ACTIVITY:
Leave out all pictures and retype exactly the lines from the one with "Hand-Crafted 19th Century" through the last line of the material.

DATA:
=== Section Start ===

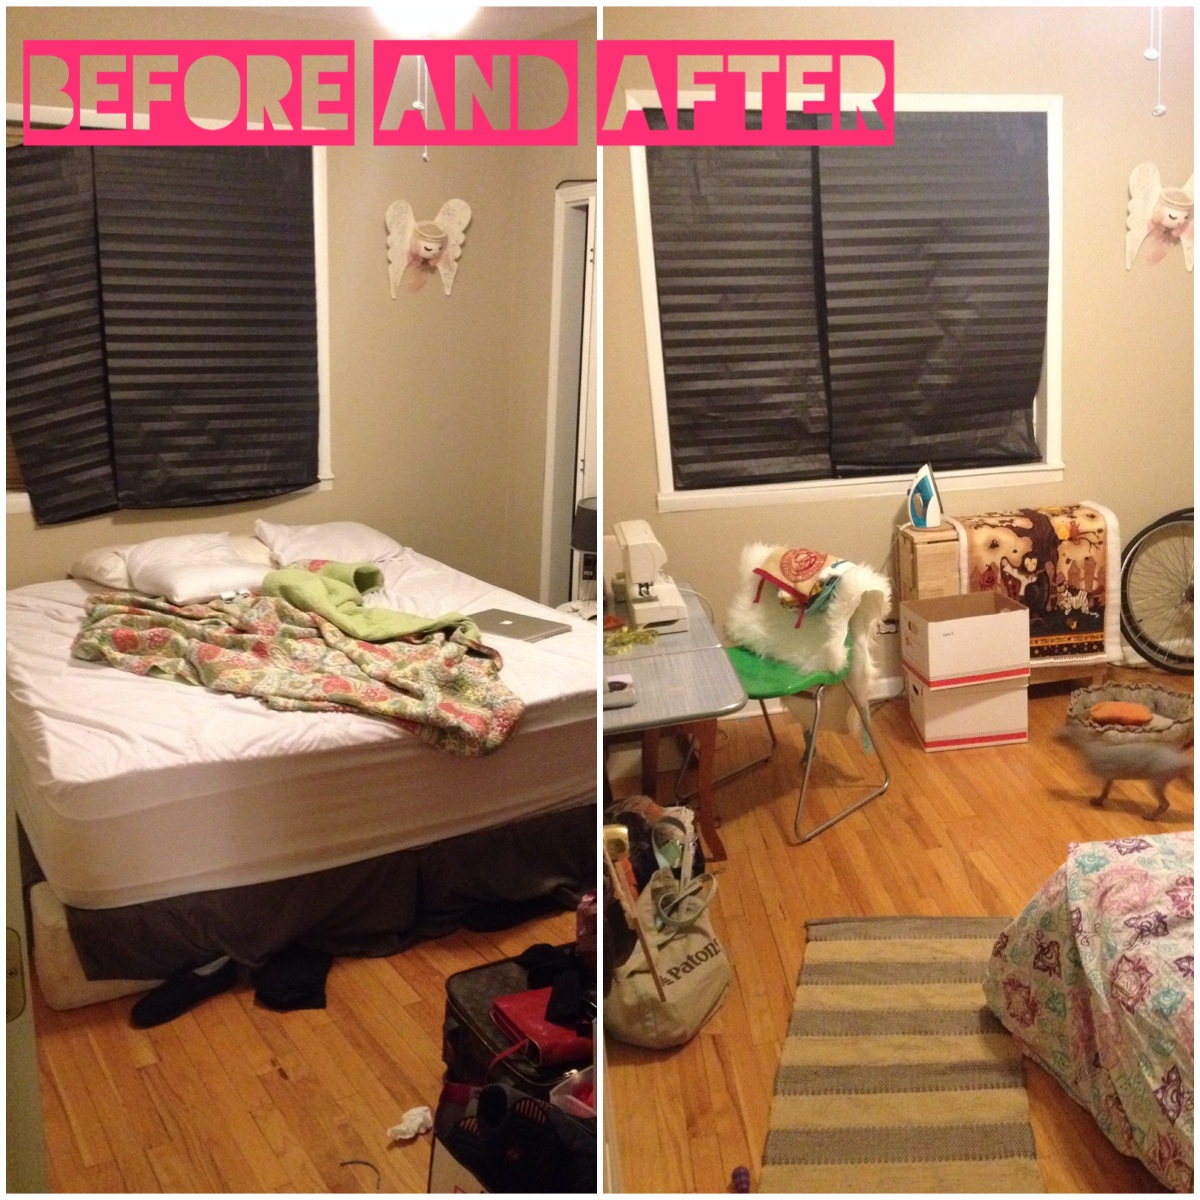 BEFORE AND AFTER iCraft Room Bedroomi MAKEOVER
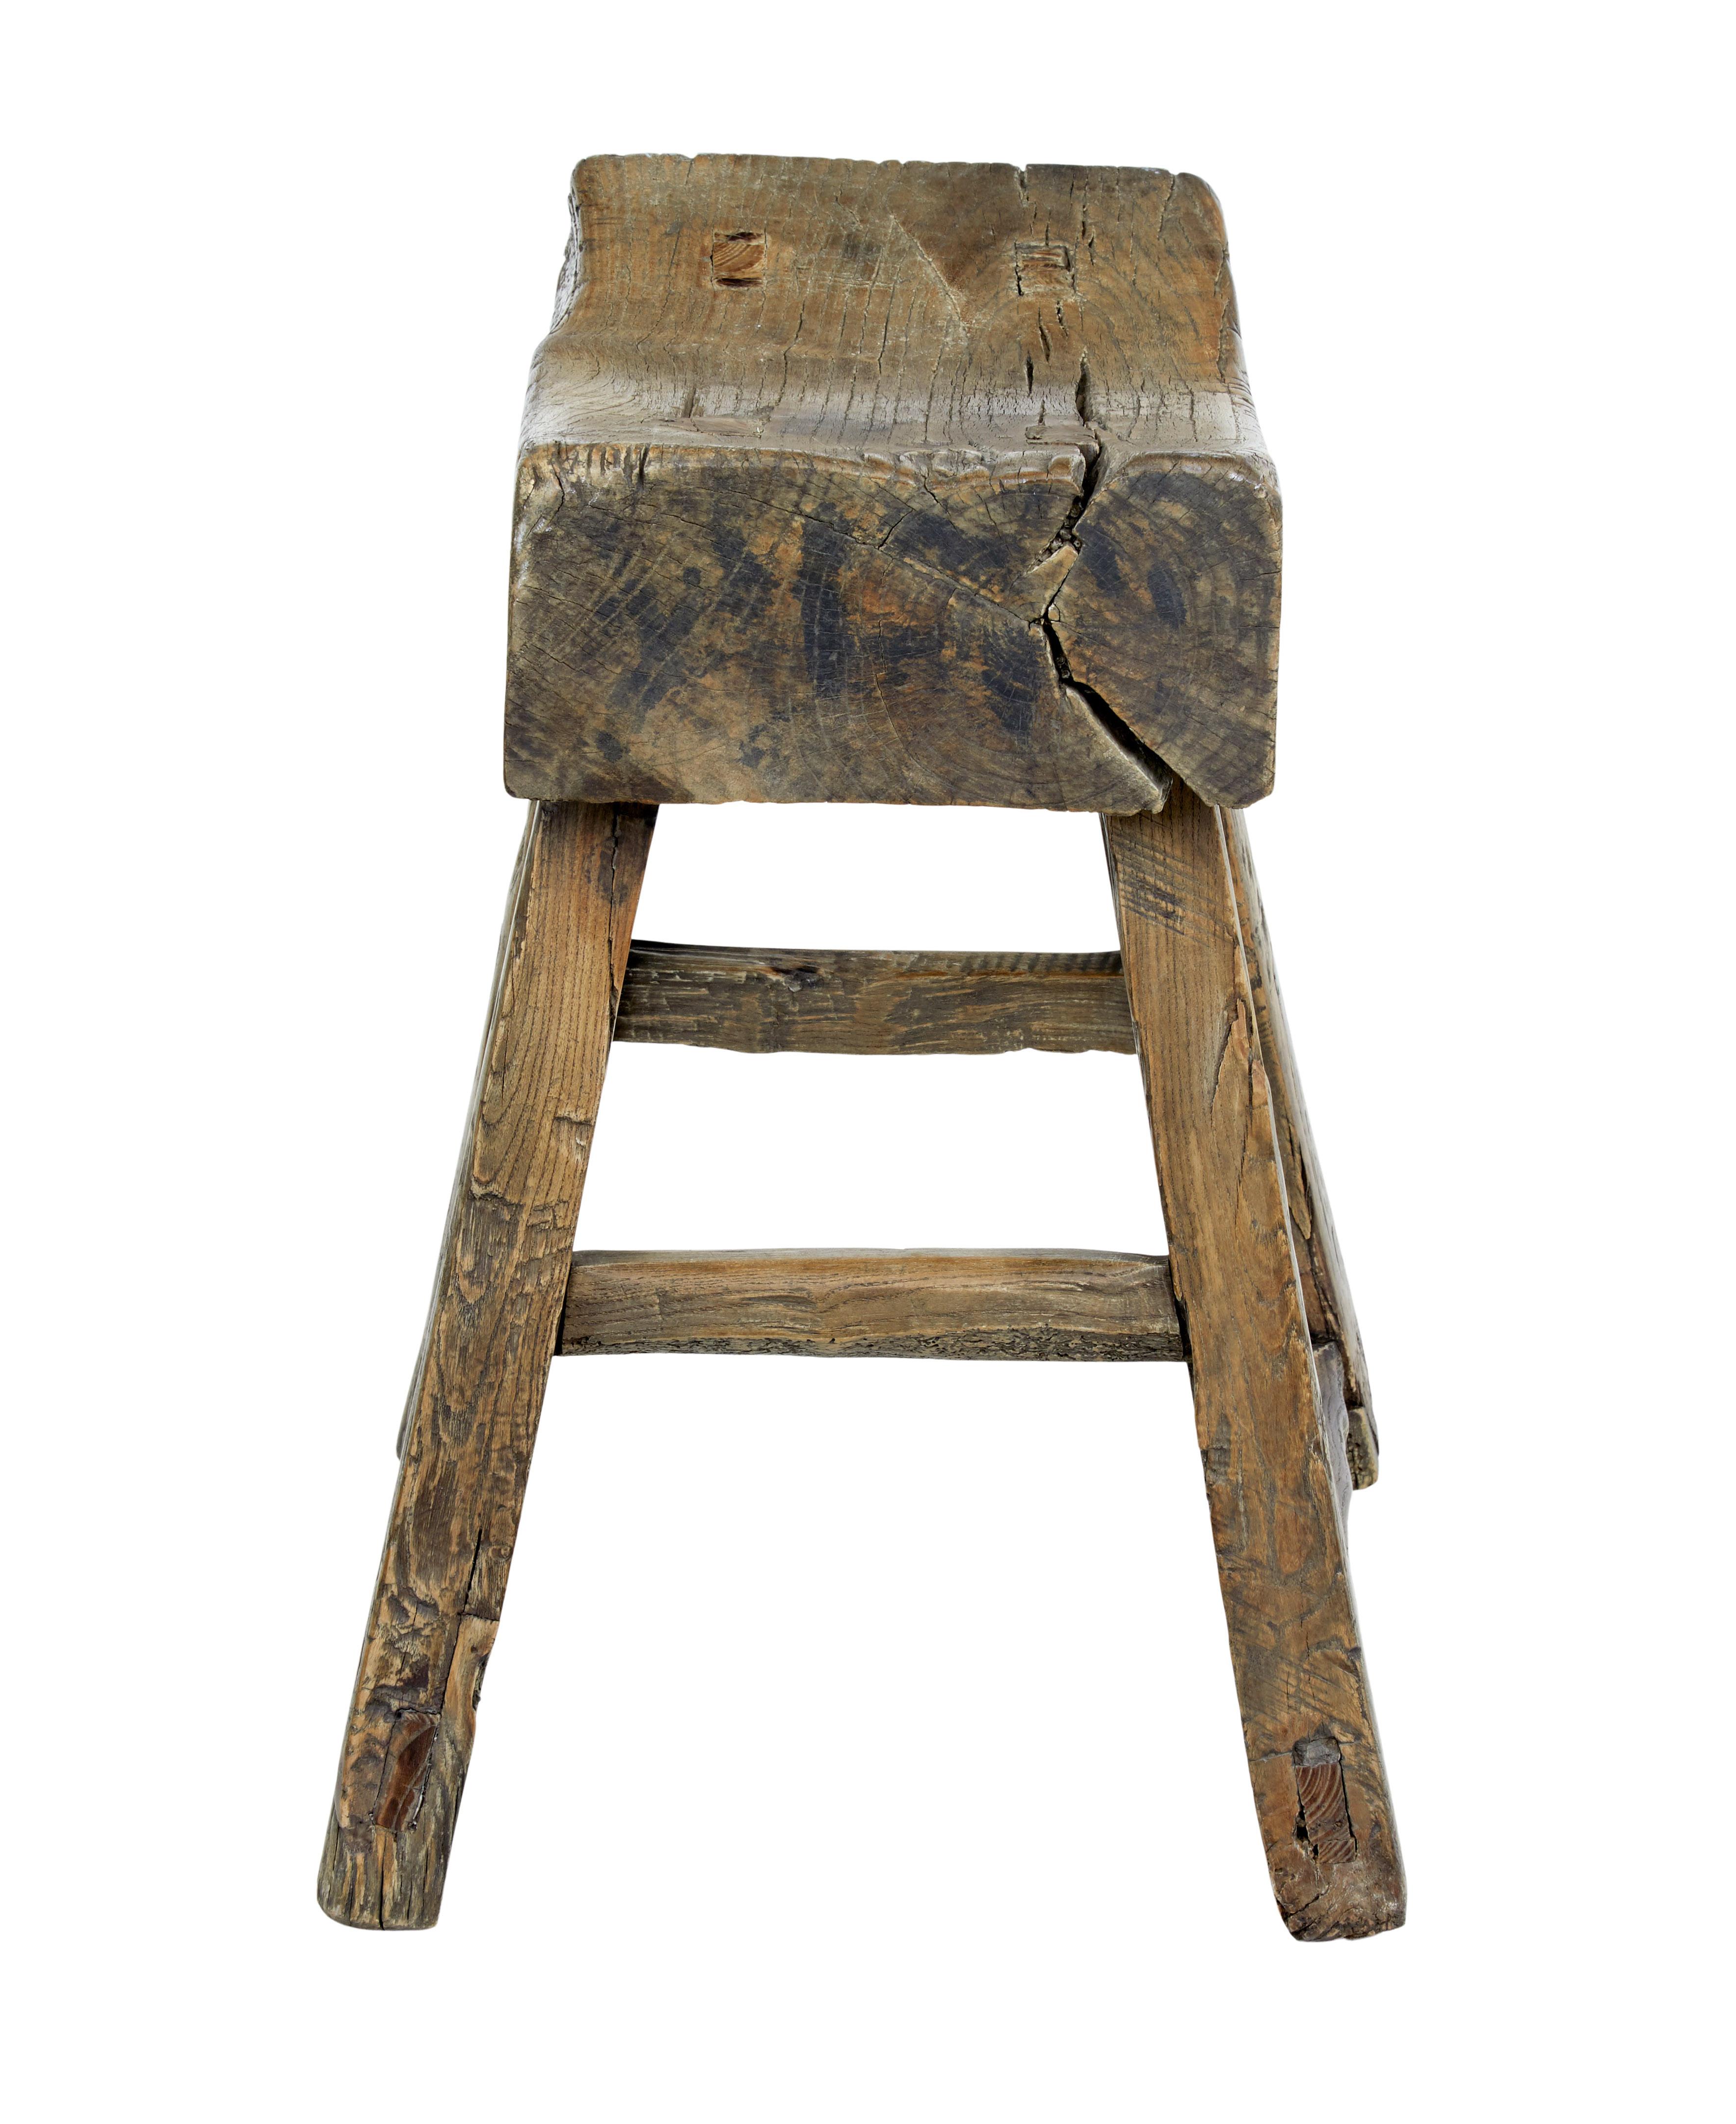 Hand-Crafted 19th Century Chinese Qing Hardwood Stool
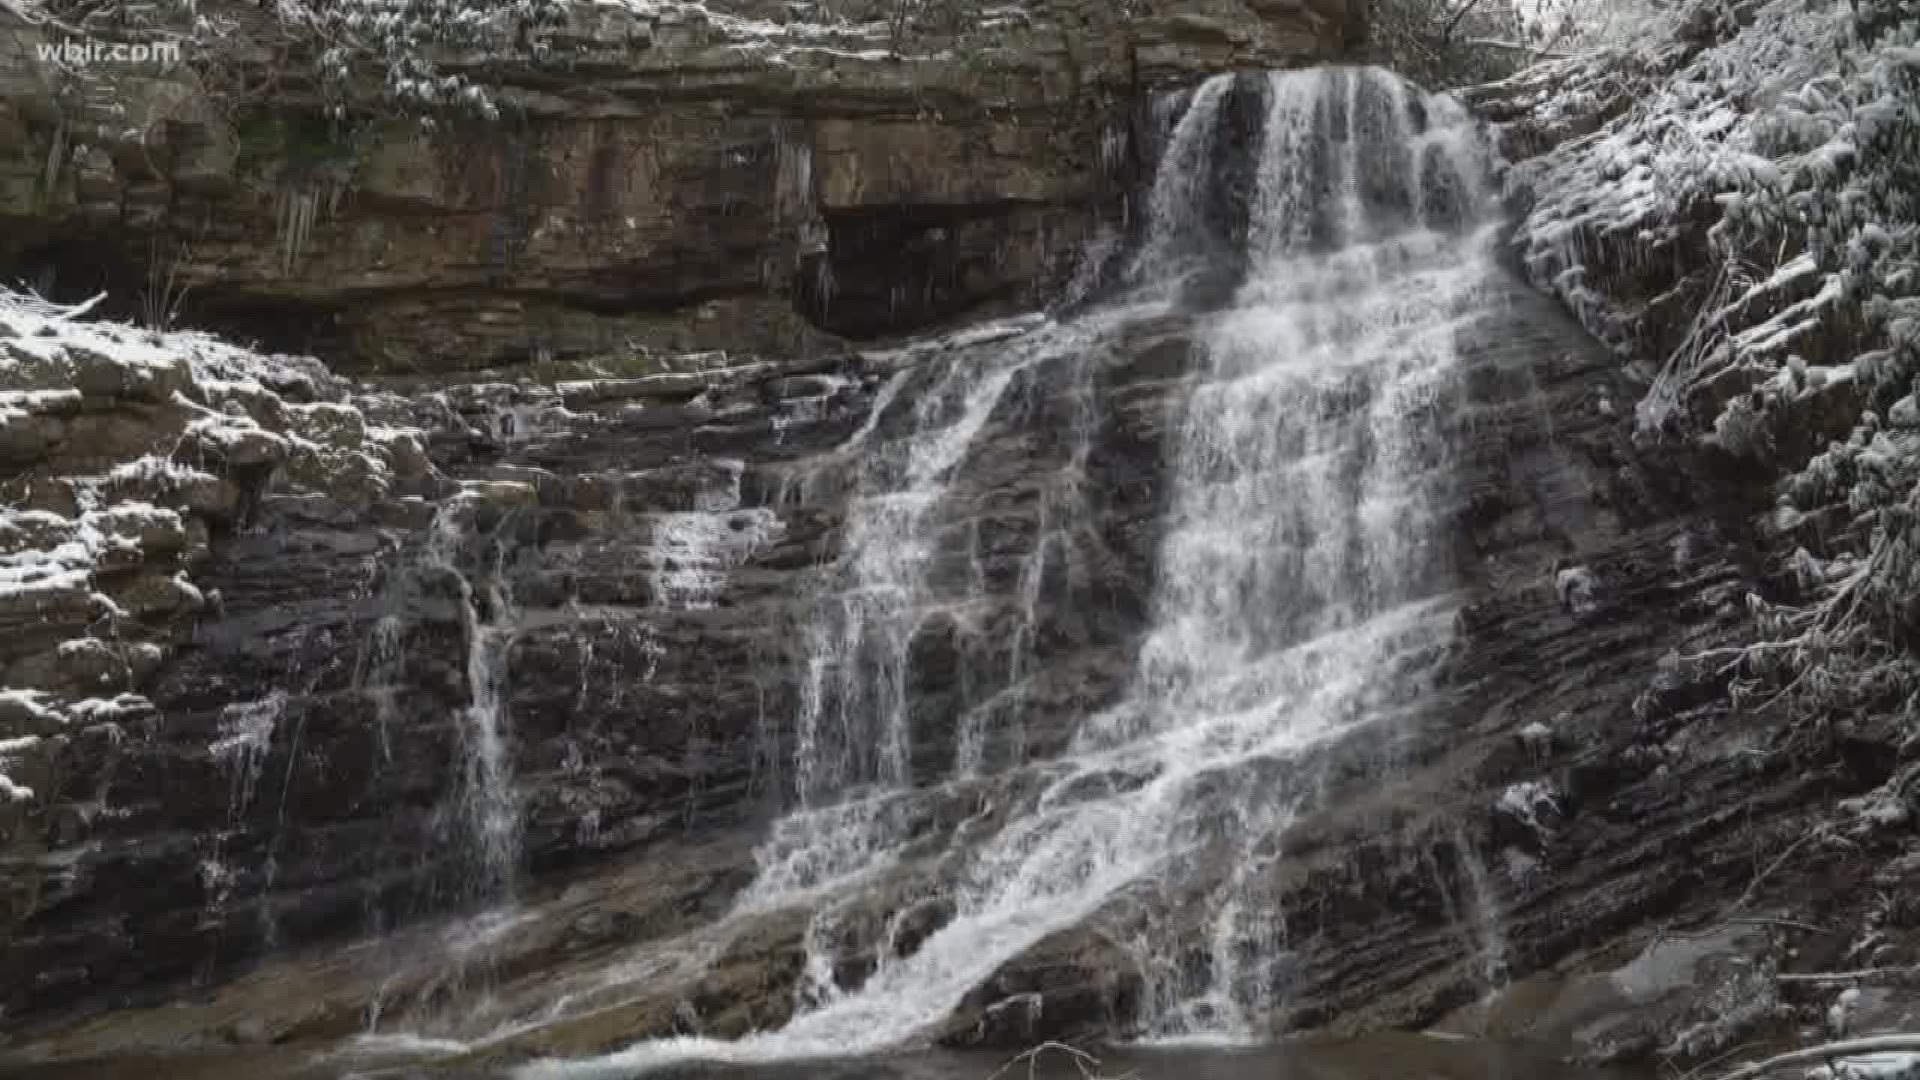 Fitness expert Missy Kane shares her latest Fit and Fun adventure to Margarette Falls.

=== Section End ===

WRITTEN RESPONSE:
 Hand-Crafted 19th Century Chinese Qing Hardwood Stool
 Fitness expert Missy Kane shares her latest Fit and Fun adventure to Margarette Falls.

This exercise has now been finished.